◆ Dataset ◆

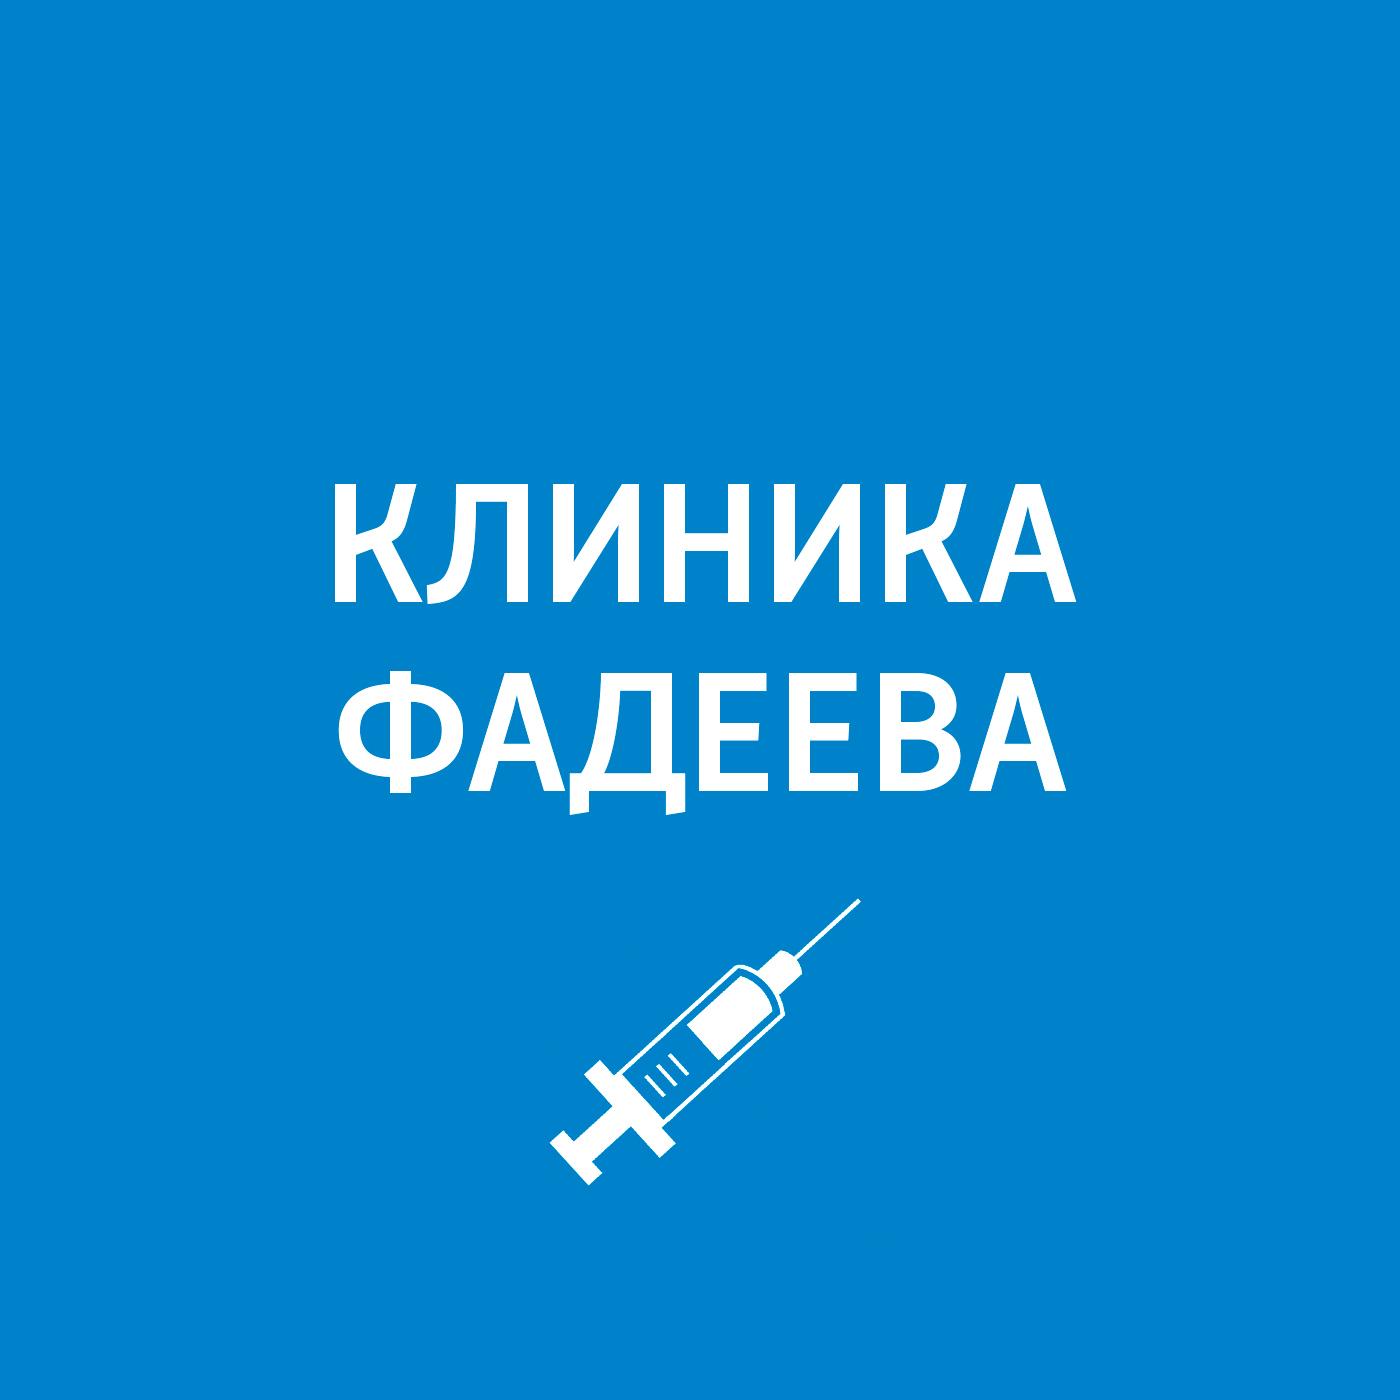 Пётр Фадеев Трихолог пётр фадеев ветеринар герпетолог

---

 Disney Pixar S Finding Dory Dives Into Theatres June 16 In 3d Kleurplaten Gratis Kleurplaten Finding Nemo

...

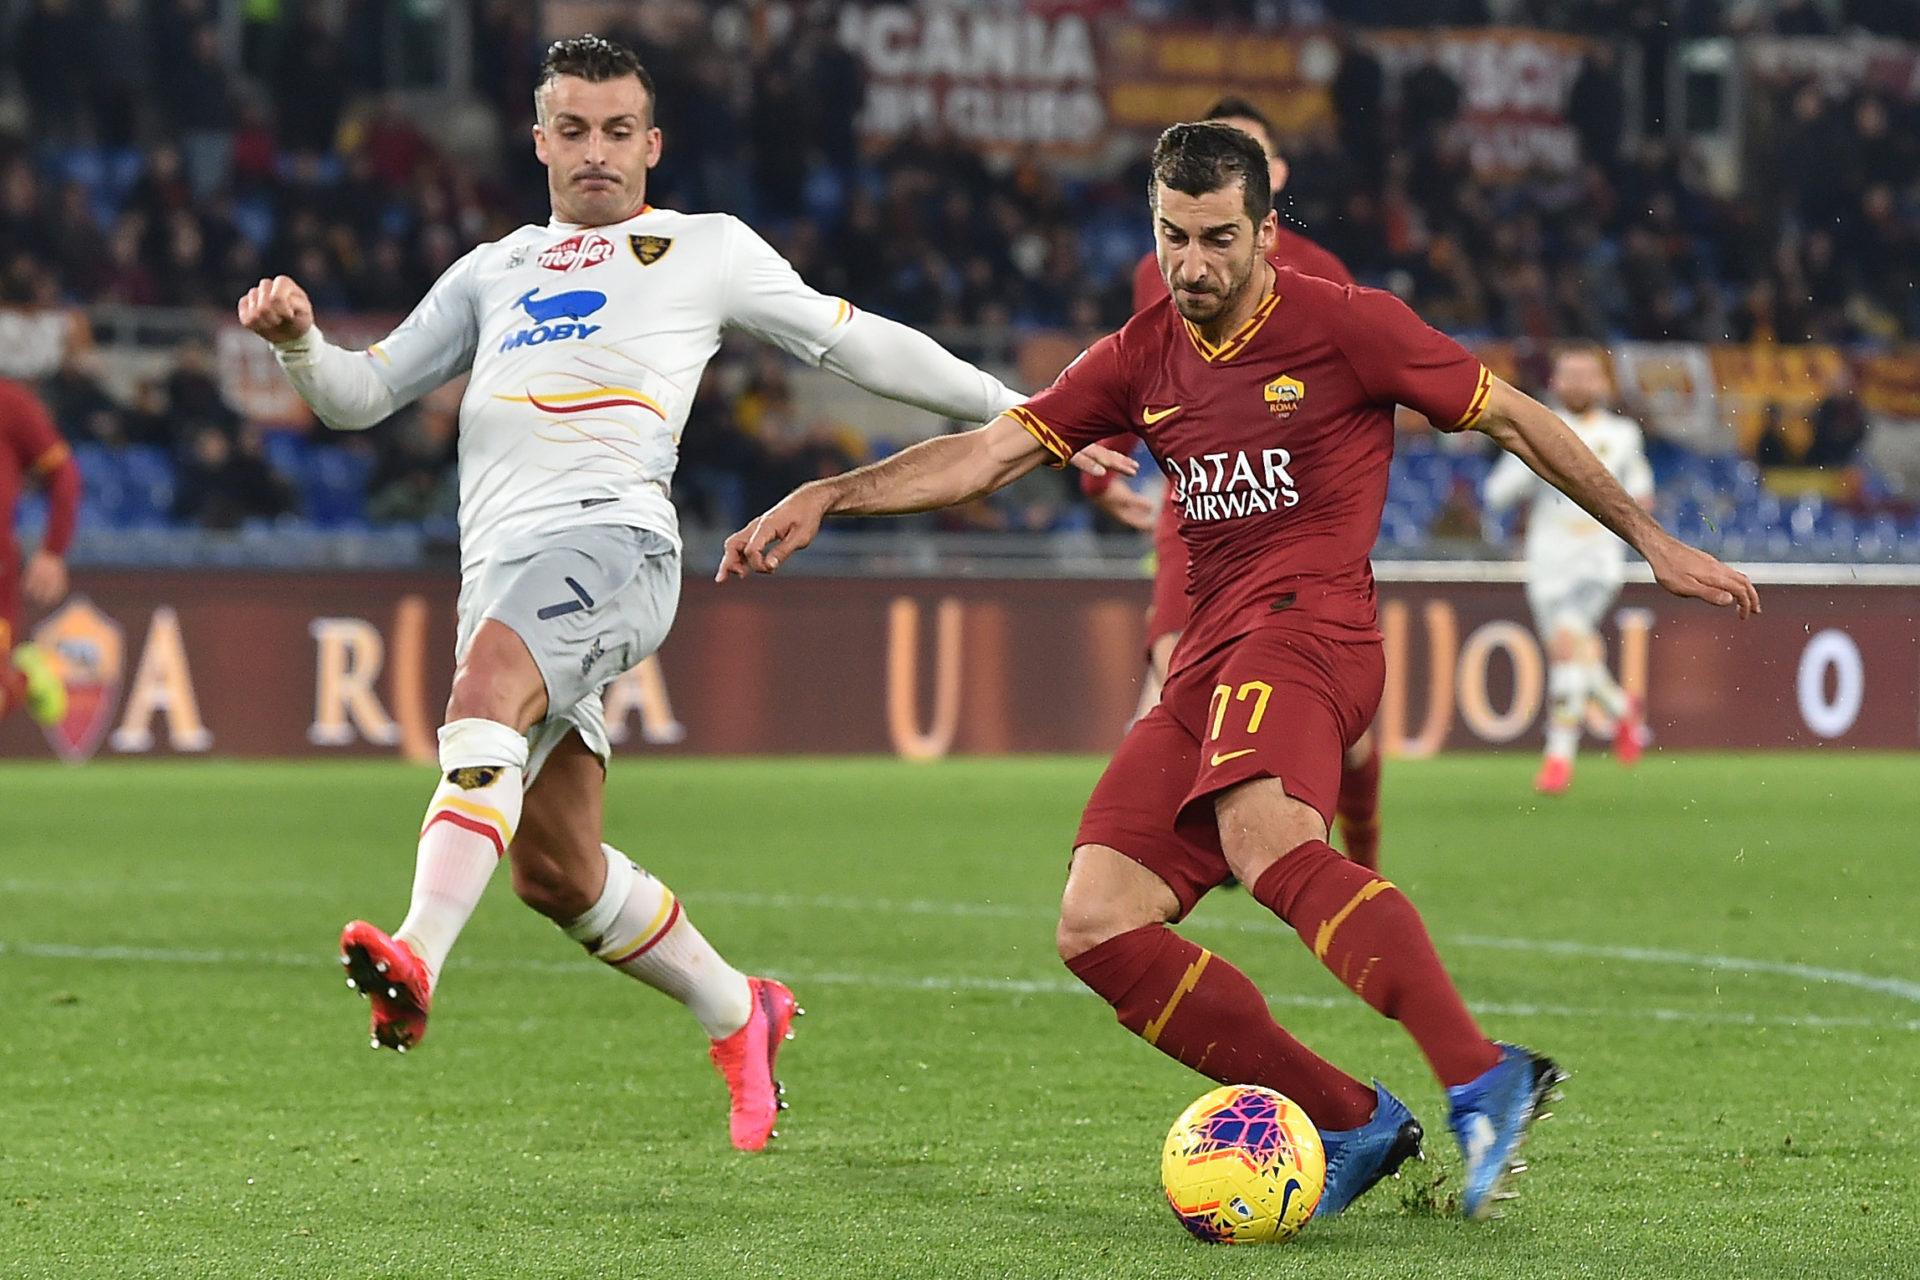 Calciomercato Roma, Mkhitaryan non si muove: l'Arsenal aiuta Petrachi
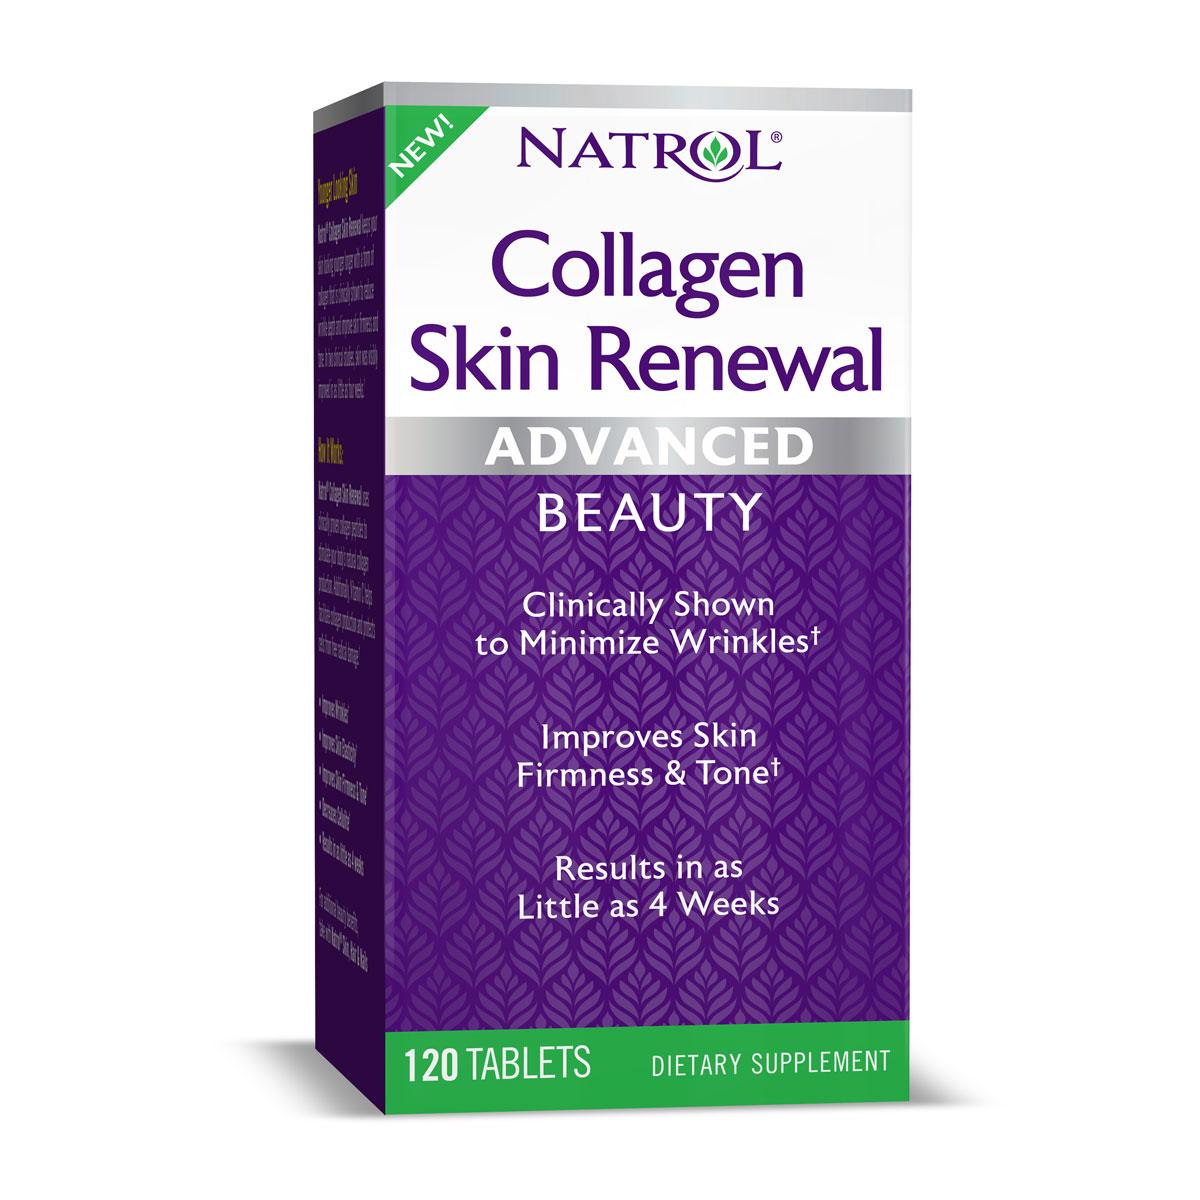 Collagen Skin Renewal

◆ What the task requires ◆
From the line holding "Calciomercato Roma, Mkhitaryan" to the line holding "Collagen Skin Renewal", both included, retype the entries above exactly and drop the pictures.

◆ Finished task ◆
 Calciomercato Roma, Mkhitaryan non si muove: l'Arsenal aiuta Petrachi
 Collagen Skin Renewal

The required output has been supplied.